Search code examples
javascriptphantomjscasperjs

Casper/Phantomjs unable to retrieve highest resolution src image


I am trying to make a basic Instagram web scraper, both art inspiration pictures and just generally trying to boost my knowledge and experience programming.

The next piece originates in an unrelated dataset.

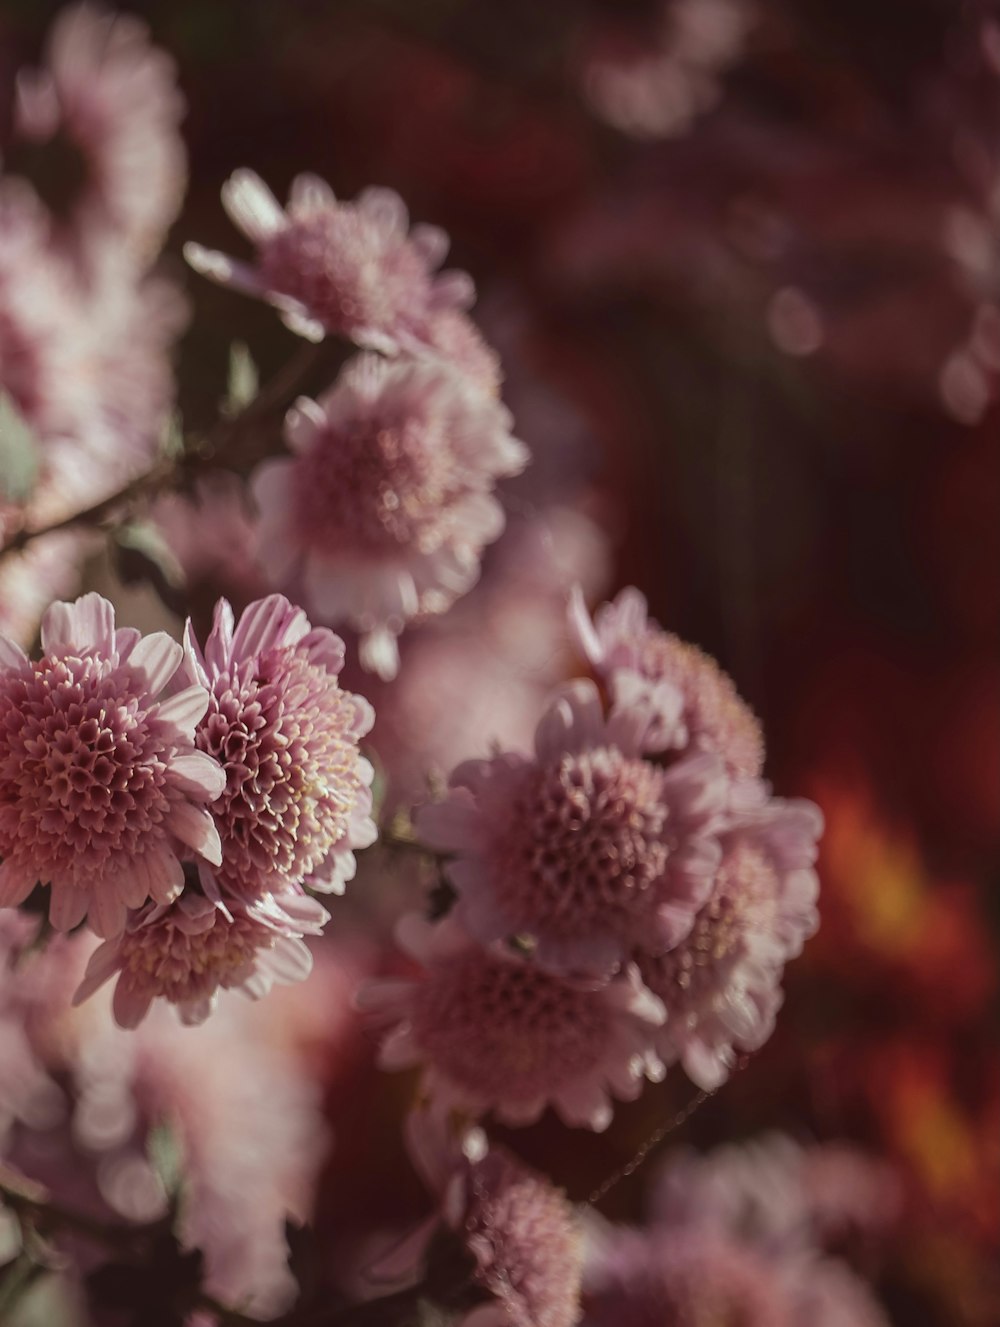 pink and white flowers in tilt shift lens

Currently the issue that I am having is that Casper/Phantomjs can't detect higher res images from the srcset, and I can't figure out a way around this. Instagram has their srcsets provide 640x640, 750x750, and 1080x1080 images. I would obviously like to retrieve the 1080, but it seems to be undetectable by any method I've tried so far. Setting the viewport larger does nothing, and I can't retrieve the entire source set through just getting the HTML and splitting it where I need it. And as far as I can tell, there is no other way to retrieve said image than to get it from this srcset.

Edit

As I was asked for more details, here I go. This is the code I used to get the attributes from the page:

function getImages() {
var scripts = document.querySelectorAll('._2di5p');
return Array.prototype.map.call(scripts, function (e) {
    return e.getAttribute('src');
});
}

Then I do the standard:

casper.waitForSelector('div._4rbun', function() {
  this.echo('...found selector ...try getting image srcs now...');
    imagesArray = this.evaluate(getImages);
    imagesArray.forEach(function (item) {
    console.log(item);

However, all that is returned is the lowest resolution of the srcset. Using this url, for example, (https://www.instagram.com/p/BhWS4csAIPS/?taken-by=kasabianofficial) all that is returned is https://instagram.flcy1-1.fna.fbcdn.net/vp/b282bb23f82318697f0b9b85279ab32e/5B5CE6F2/t51.2885-15/s640x640/sh0.08/e35/29740443_908390472665088_4690461645690896384_n.jpg, which is the lowest resolution (640x640) image in the srcset. Ideally, I'd like to retrieve the https://instagram.flcy1-1.fna.fbcdn.net/vp/8d20f803e1cb06e394ac91383fd9a462/5B5C9093/t51.2885-15/e35/29740443_908390472665088_4690461645690896384_n.jpg which is the 1080x1080 image in the srcset. But I can't. There's no way to get that item as far as I can tell. It's completely hidden.


Solution

  • Solution: So my solution was to use slimerjs. If I run the js file through "casperjs --engine=slimerjs fileName.js", I can retrieve srcsets in full. So if I say use this code:

    function getImgSrc() {
      var scripts = document.querySelectorAll("._2di5p");
      return Array.prototype.map.call(scripts, function (e) {
          return e.getAttribute("srcset");
      });
    }
    

    on this url (https://www.instagram.com/p/BhWS4csAIPS/?taken-by=kasabianofficial) I will get (https://instagram.flcy1-1.fna.fbcdn.net/vp/b282bb23f82318697f0b9b85279ab32e/5B5CE6F2/t51.2885-15/s640x640/sh0.08/e35/29740443_908390472665088_4690461645690896384_n.jpg 640w,https://instagram.flcy1-1.fna.fbcdn.net/vp/b4eebf94247af02c63d20320f6535ab4/5B6258DF/t51.2885-15/s750x750/sh0.08/e35/29740443_908390472665088_4690461645690896384_n.jpg 750w,https://instagram.flcy1-1.fna.fbcdn.net/vp/8d20f803e1cb06e394ac91383fd9a462/5B5C9093/t51.2885-15/e35/29740443_908390472665088_4690461645690896384_n.jpg 1080w) as the result.

    This is what I wanted as it means I can scrape those 1080 images. Sorry for this messy page, but I wanted to leave my trail of steps to any of those who might be trying like me.